_STORED DATA:_
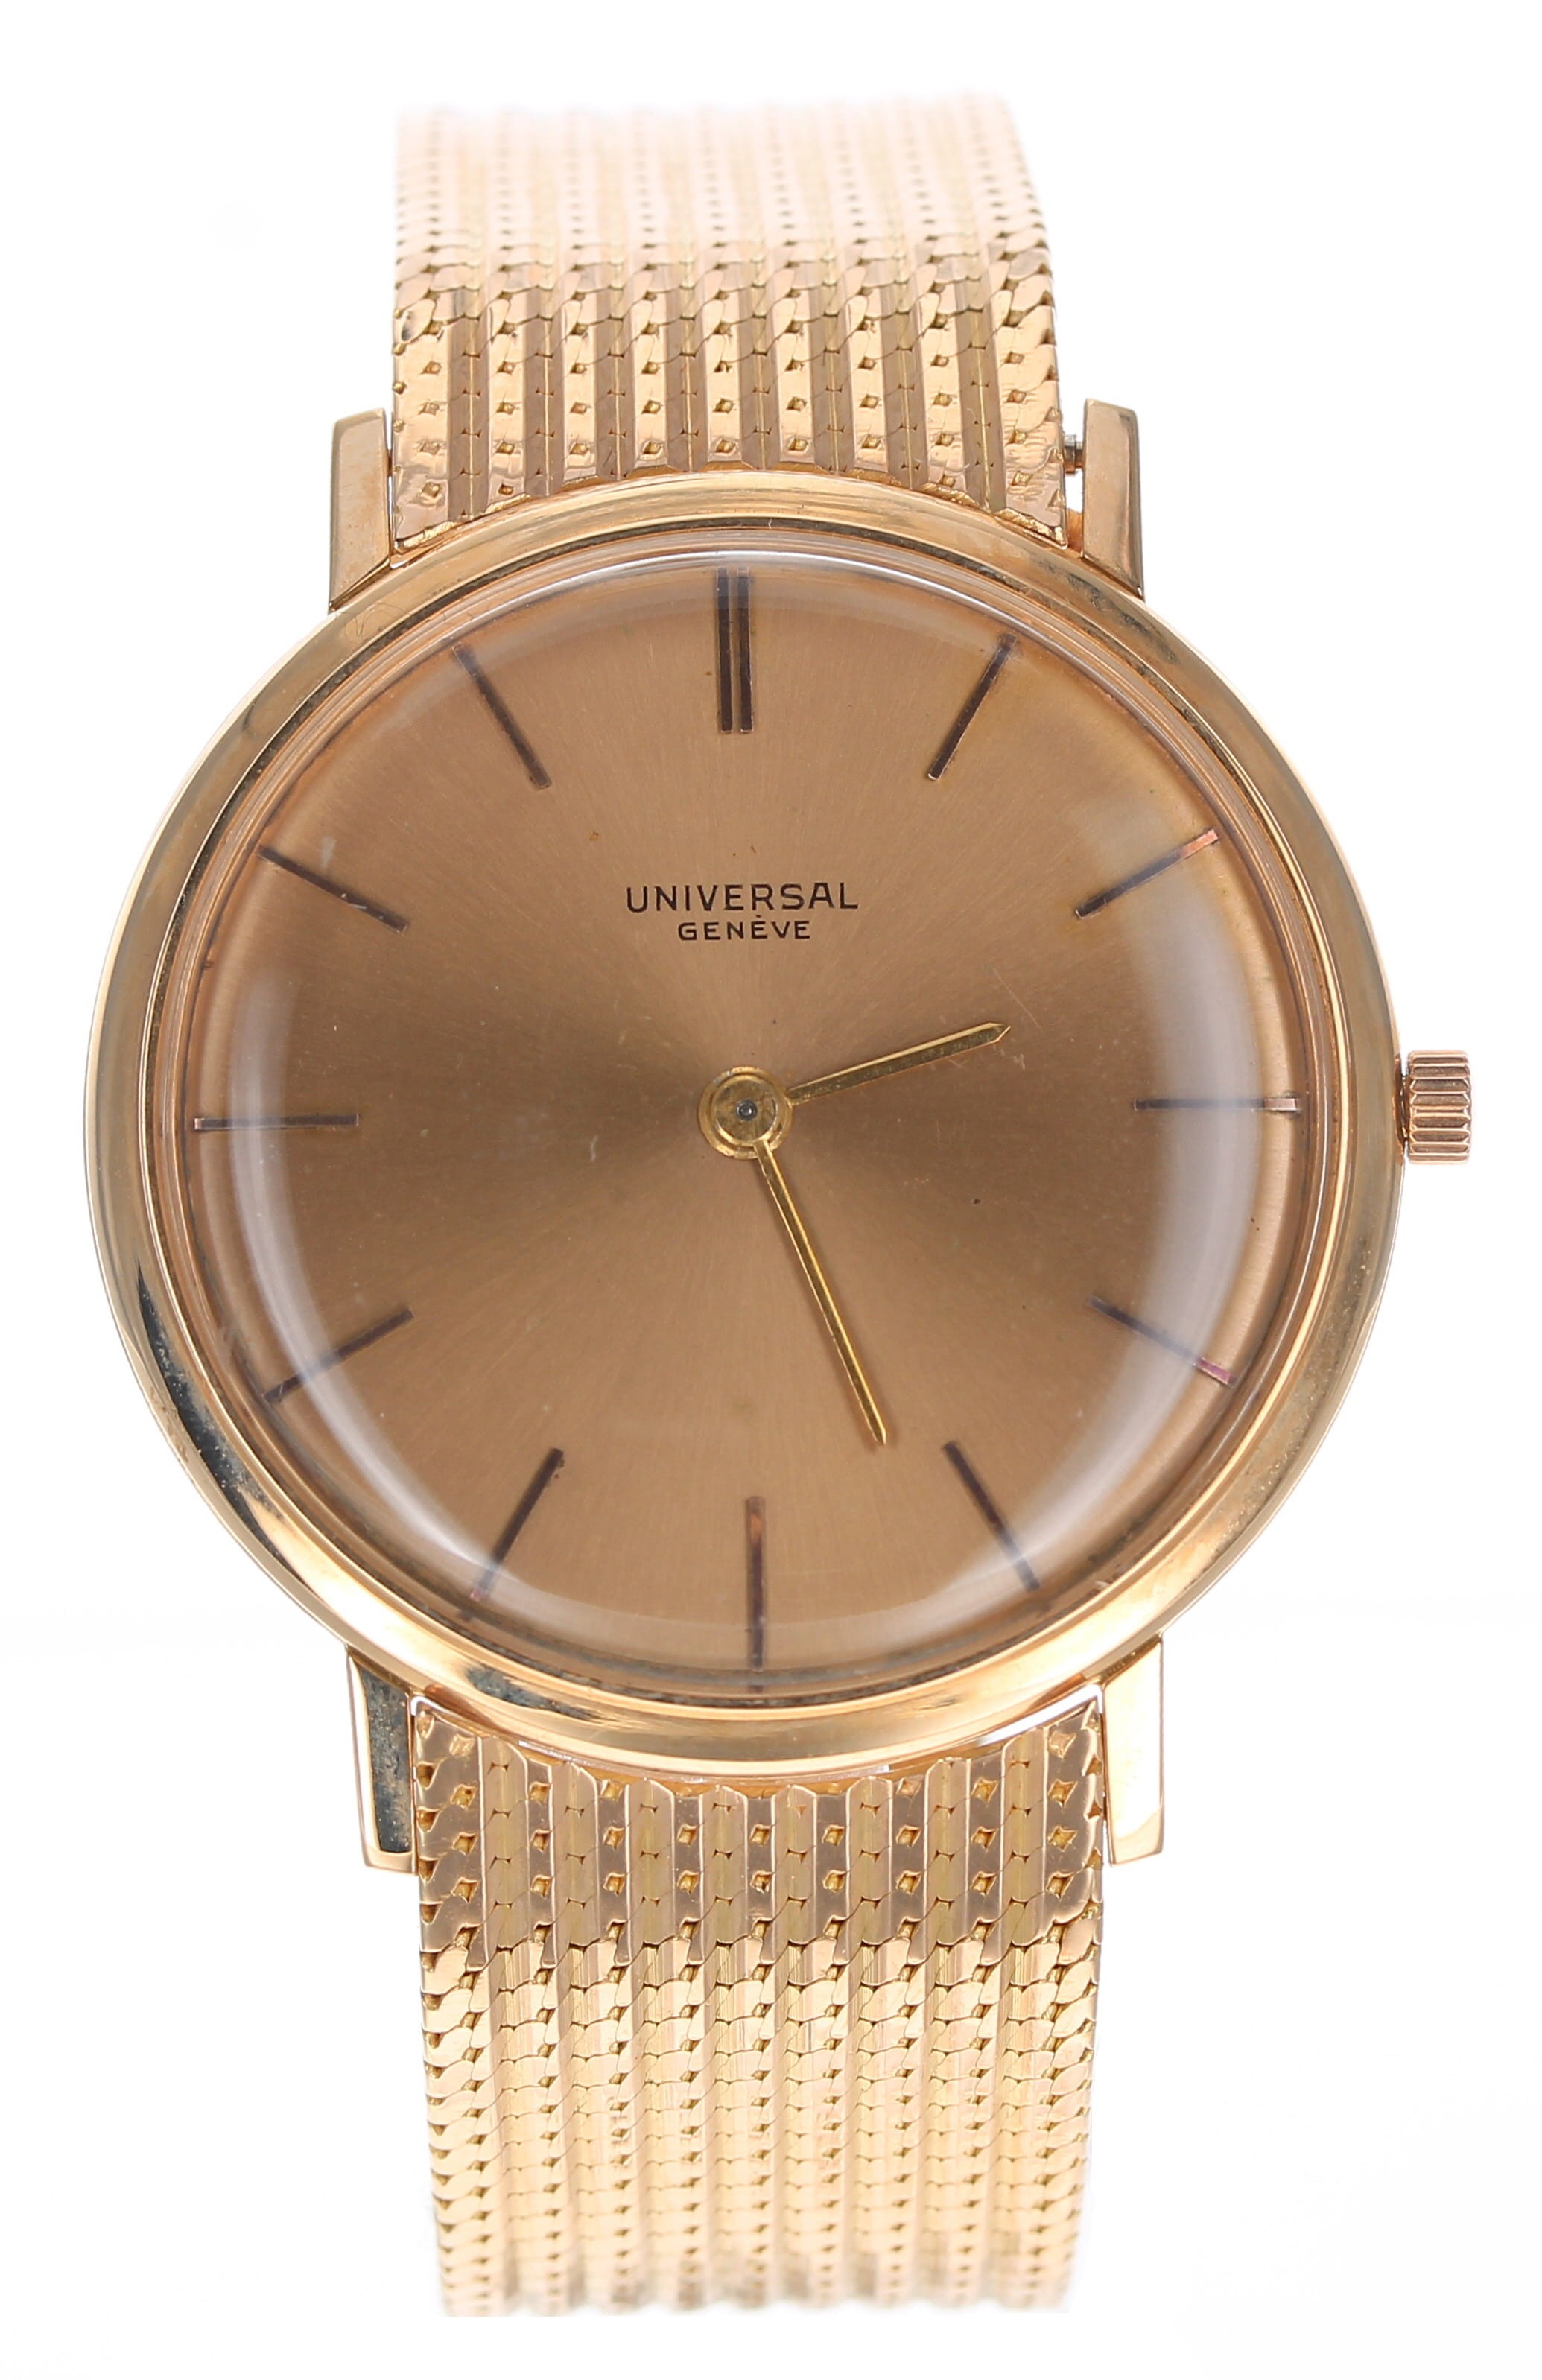 Universal Genéve slim 18ct pink gold gentleman's wristwatch, case no. 5320 5 9904 5, circular dial
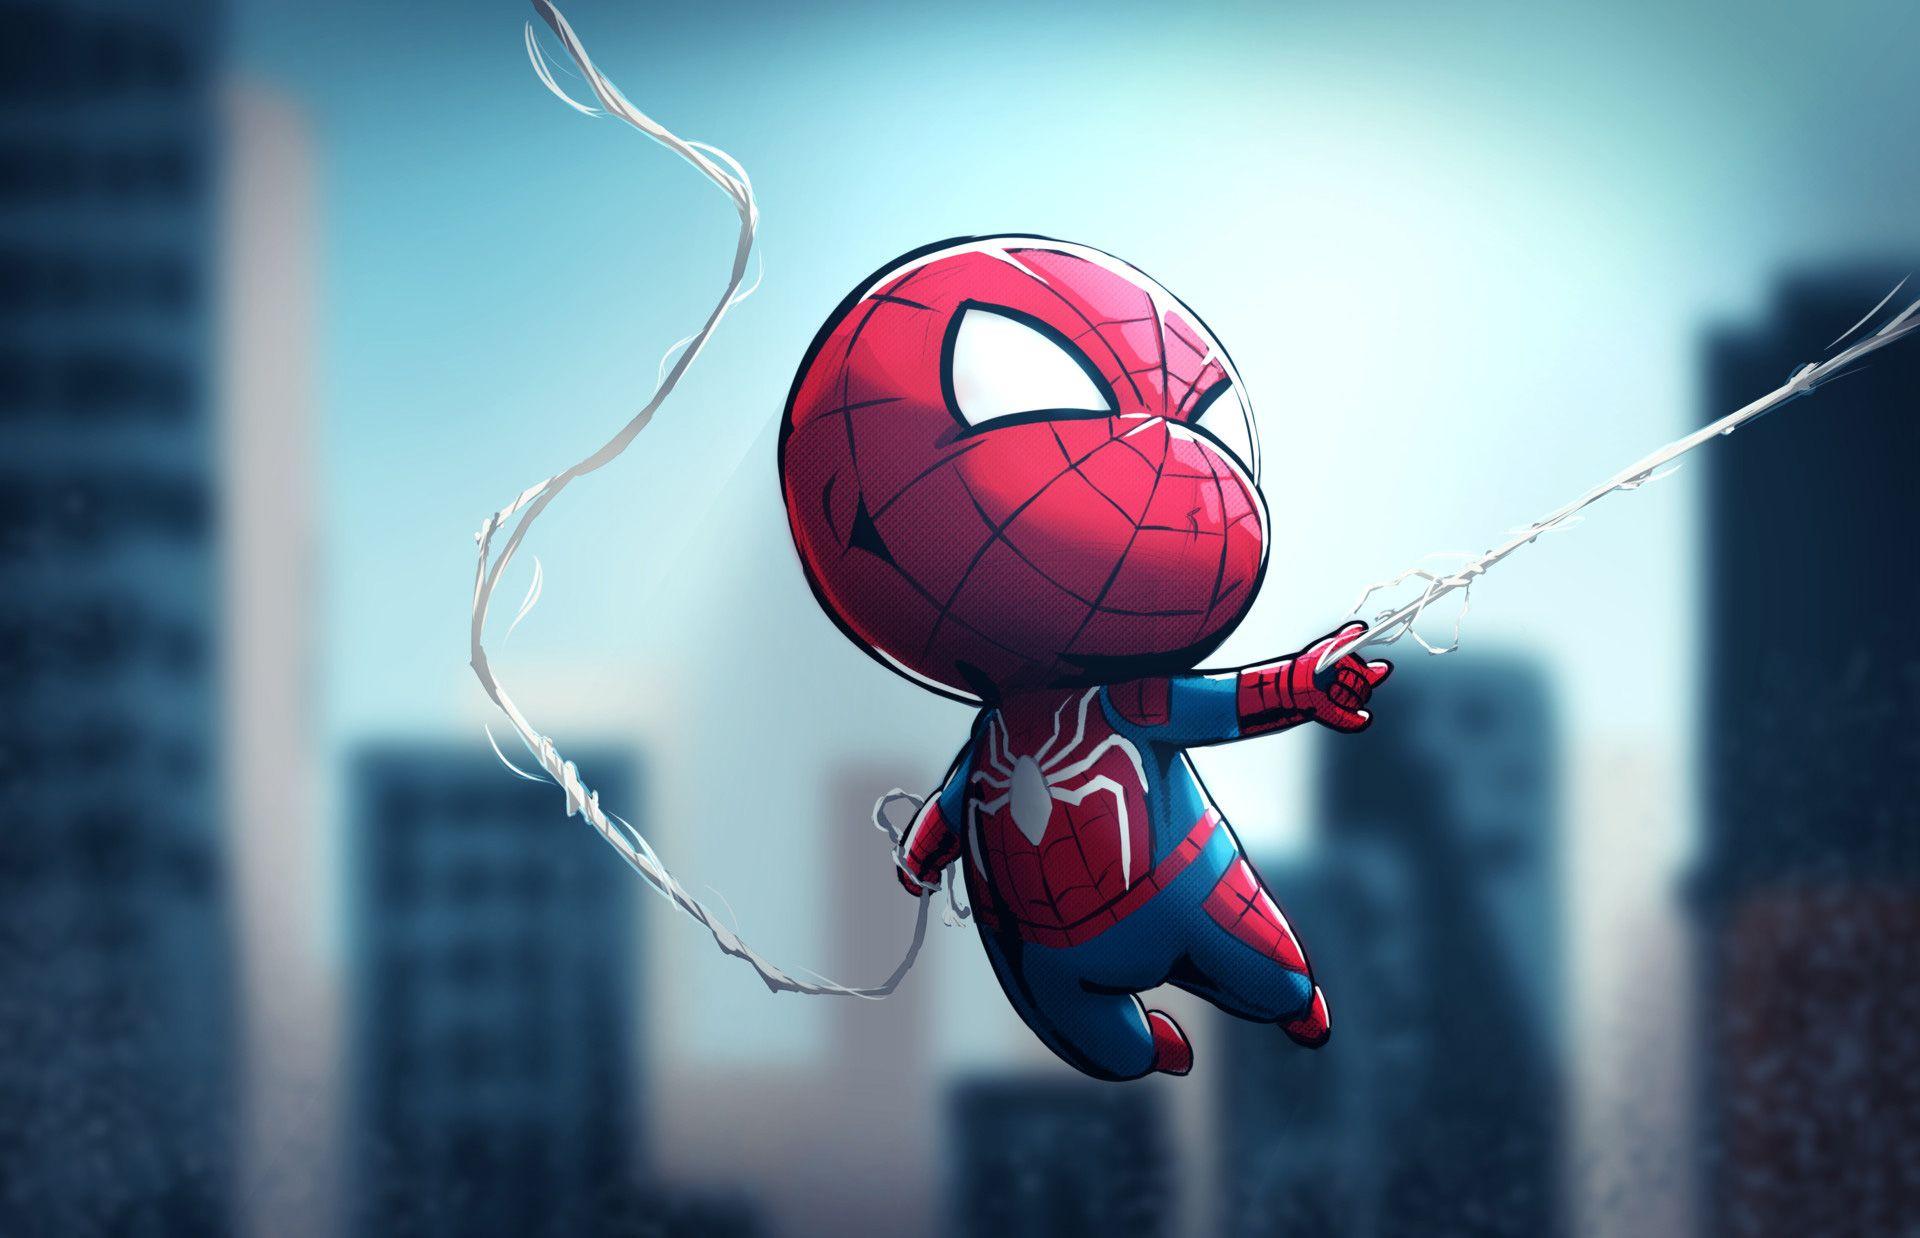 Cute Spiderman Wallpapers - Top Free
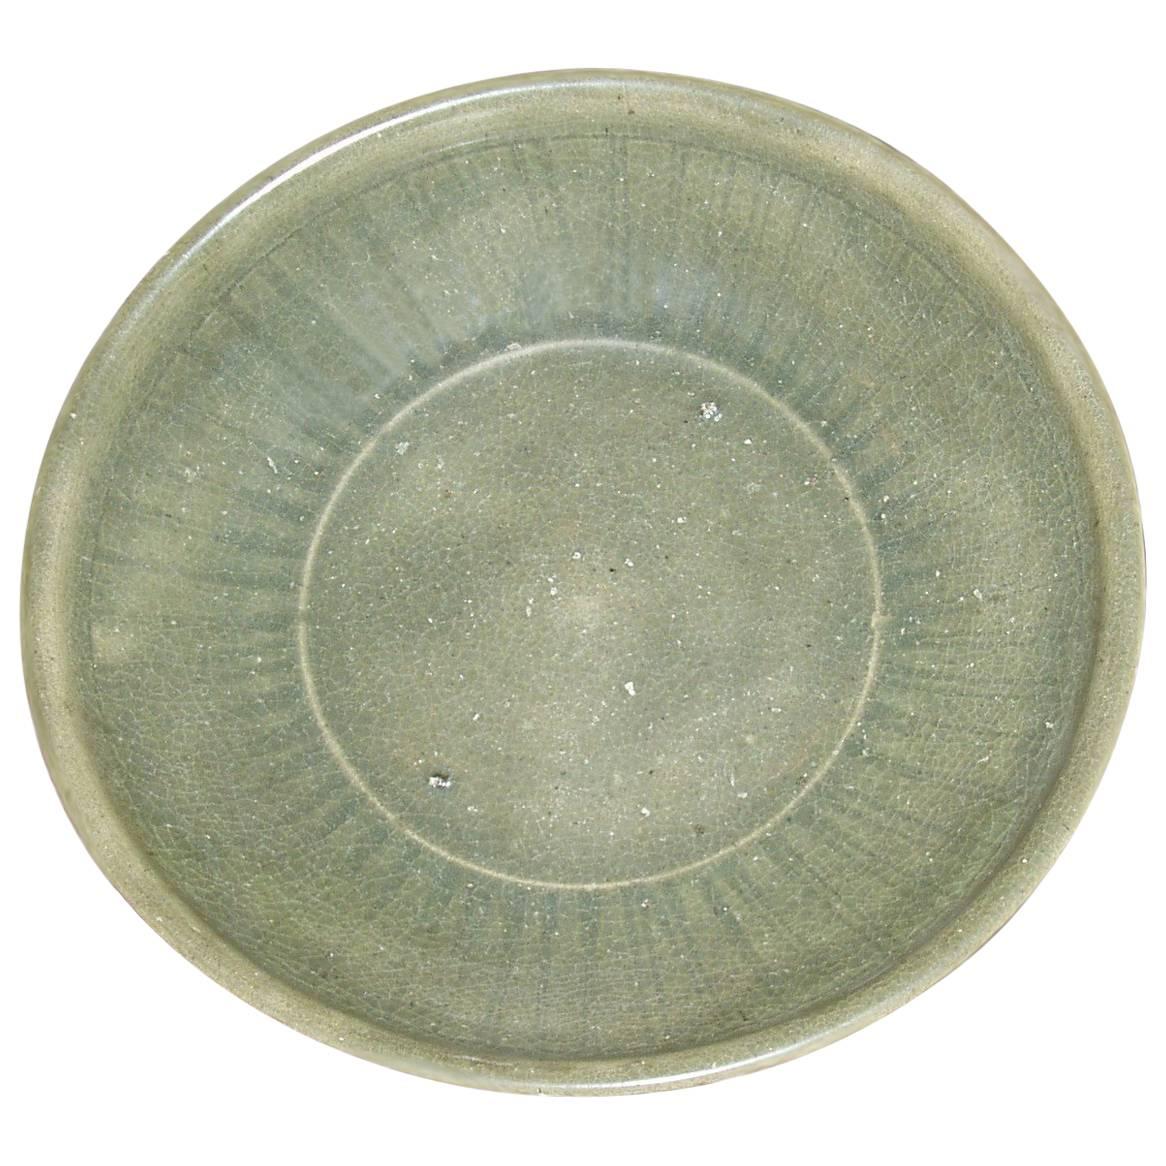 Celadon Plate from Burma, circa 15th-16th Century

_TO DO:_ With the pictures set aside, return each line of the listing exactly as given.

_ANSWER FOR THIS EXERCISE:_
 Universal Genéve slim 18ct pink gold gentleman's wristwatch, case no. 5320 5 9904 5, circular dial
 Cute Spiderman Wallpapers - Top Free
 Celadon Plate from Burma, circa 15th-16th Century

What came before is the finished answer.